= Temska manuscript =

1764 collection compiled by Kiril Zhivkovich

Temska Manuscript (Темски ръкопис, Темски рукопис/Temski rukopis) is a collection of writings from 1764, compiled by the monk Kiril Zhivkovich (1730–1807) in the Temska Monastery near the village of Temska, in Pirot district. The title of the manuscript is "Из душевного обреда в’ неделных днех слова избрана. На прости язык болгарскій". - "Selected words from the weekly spiritual rituals. In simple Bulgarian language". The manuscript consists of 232 sheets, where 34 writings are collected. The basic languages of the manuscript are the Torlakian dialect and Church Slavonic, with some Russian influences.
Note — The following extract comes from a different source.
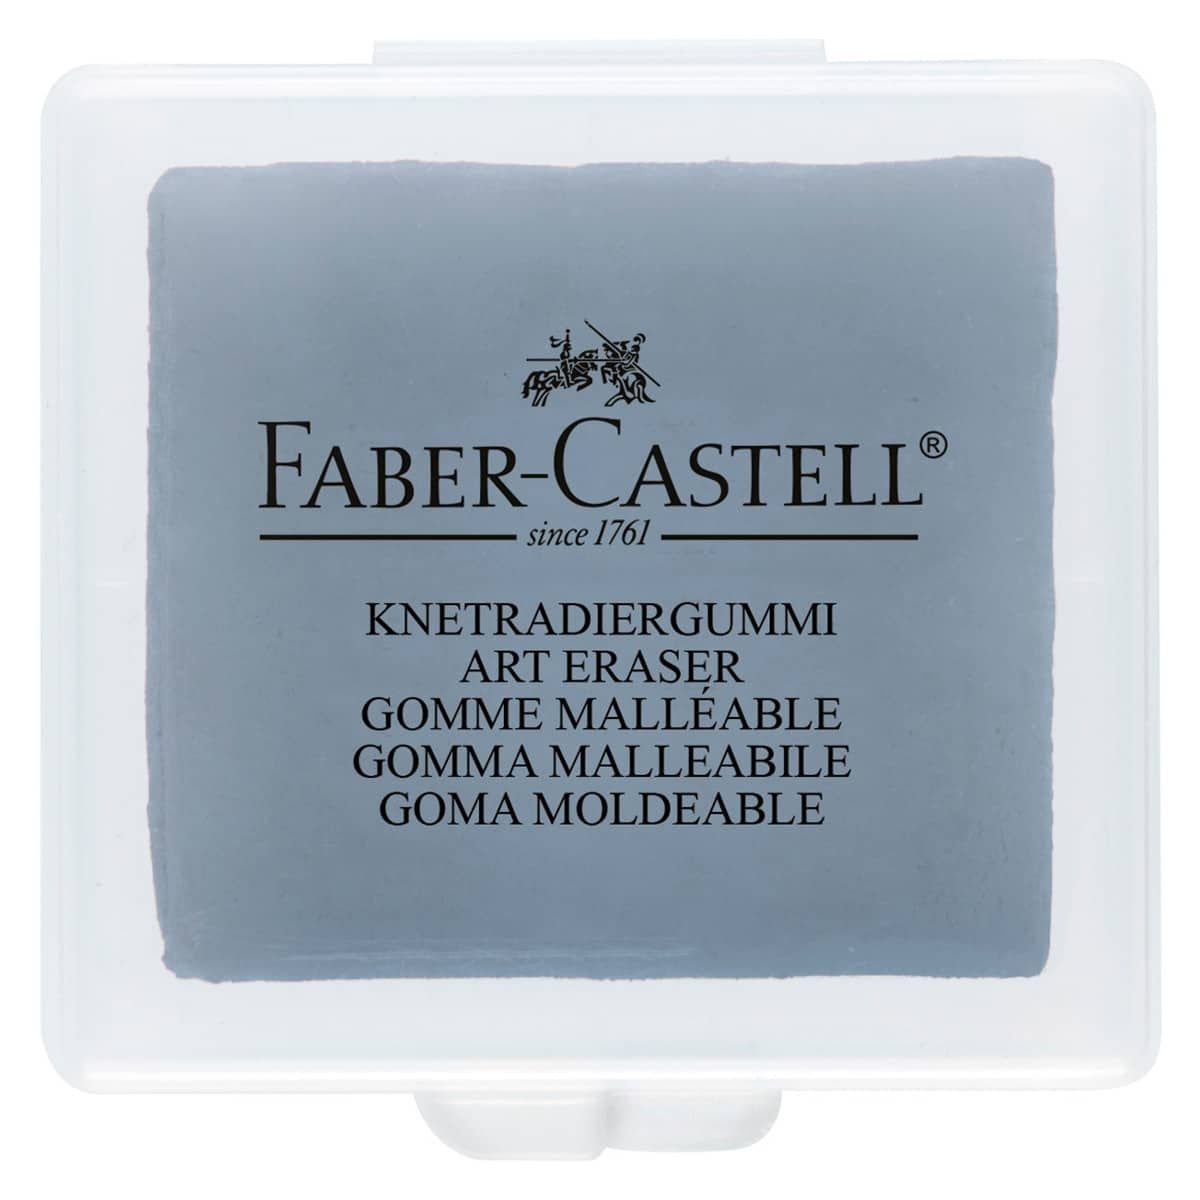 2x Faber Castell Soft Kneadable Erasers Grey Drawing Sketch Art
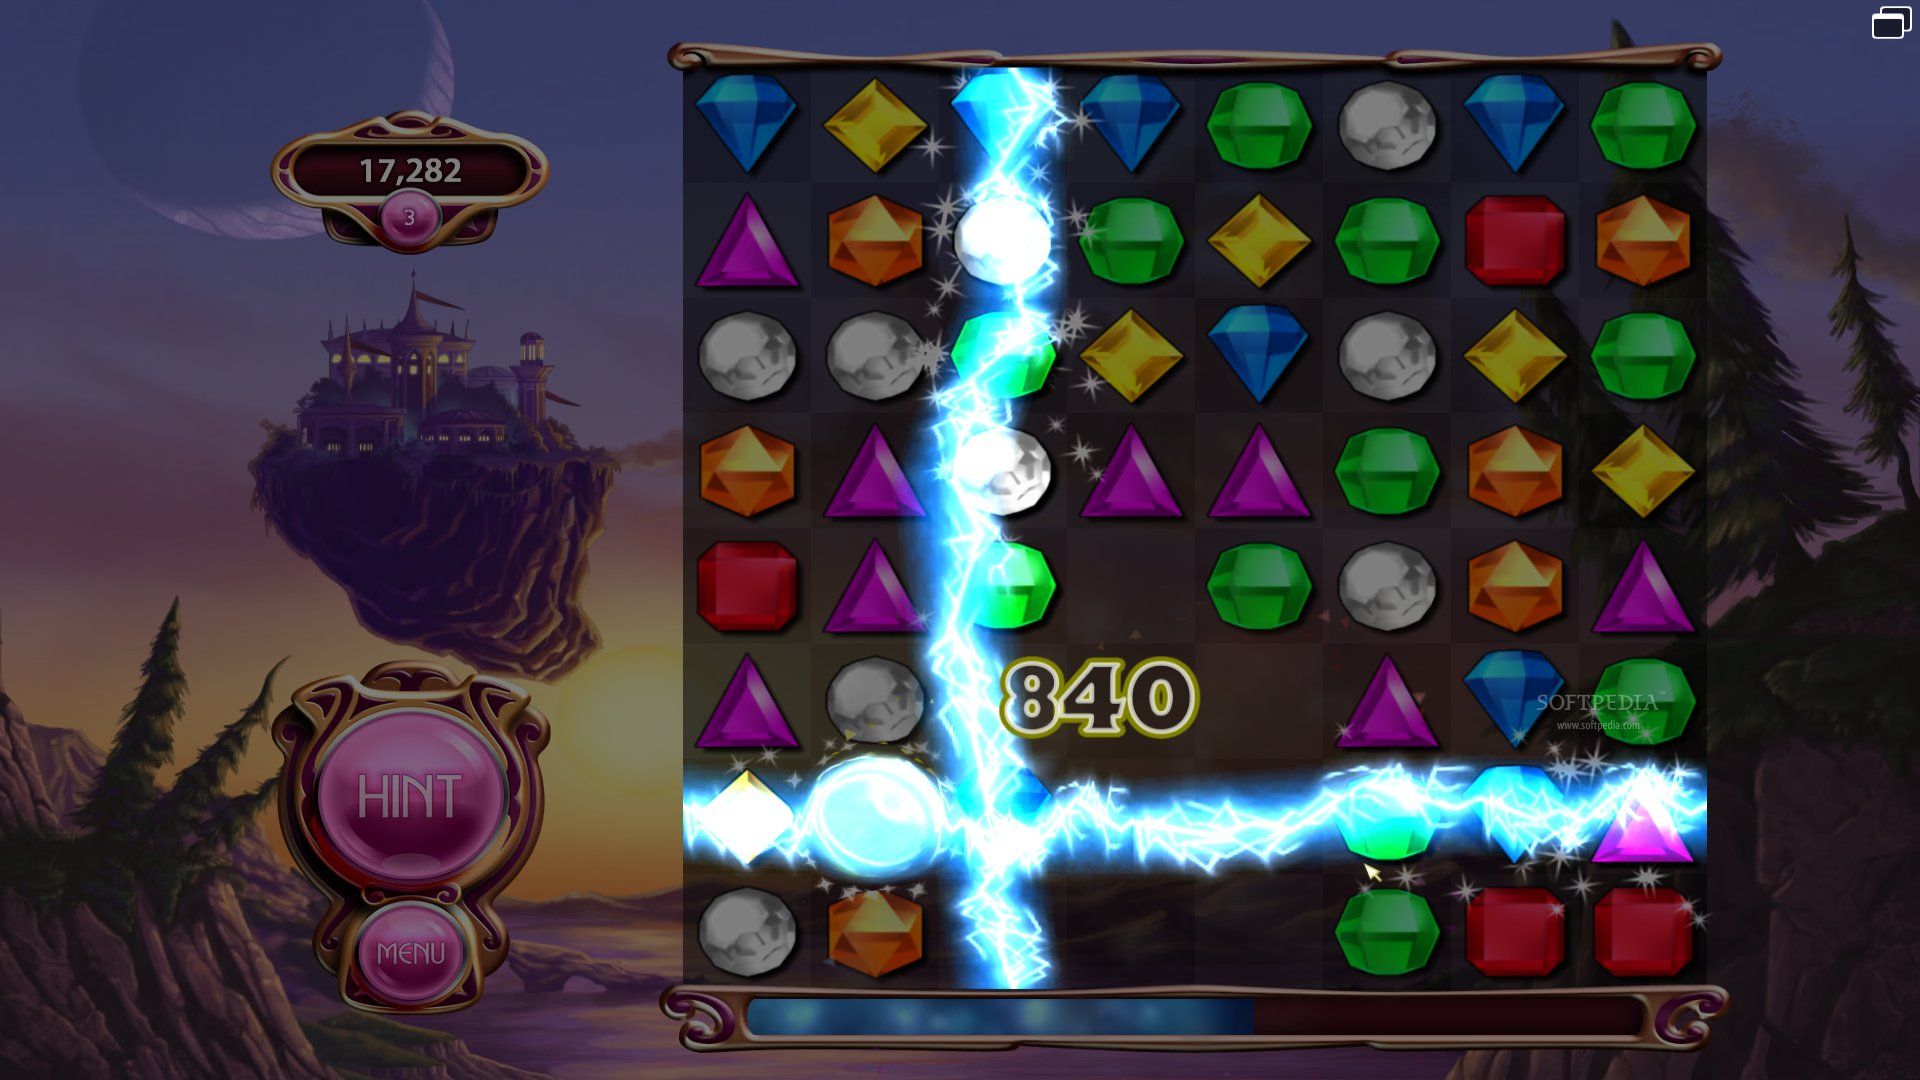 Review of Bejeweled 3 by PopCap: 8 games in 1 - HubPages

This manuscript is a monument, reflecting the state of transitional dialects between Bulgarian and Serbian in the middle of 18th century. Today this manuscript is stored in the Library of Matica Srpska in Novi Sad under № PP 169.

== Sources ==
- Василев, В.П. Темският ръкопис – български езиков паметник от 1764 г, Paleobulgarica, IX (1986), кн. 1, с. 49-72.
- Василев, В.П. За диалектната основа на един ръкопис от 18 век, в: Българският език през ХХ век, София 2001, с. 280-283.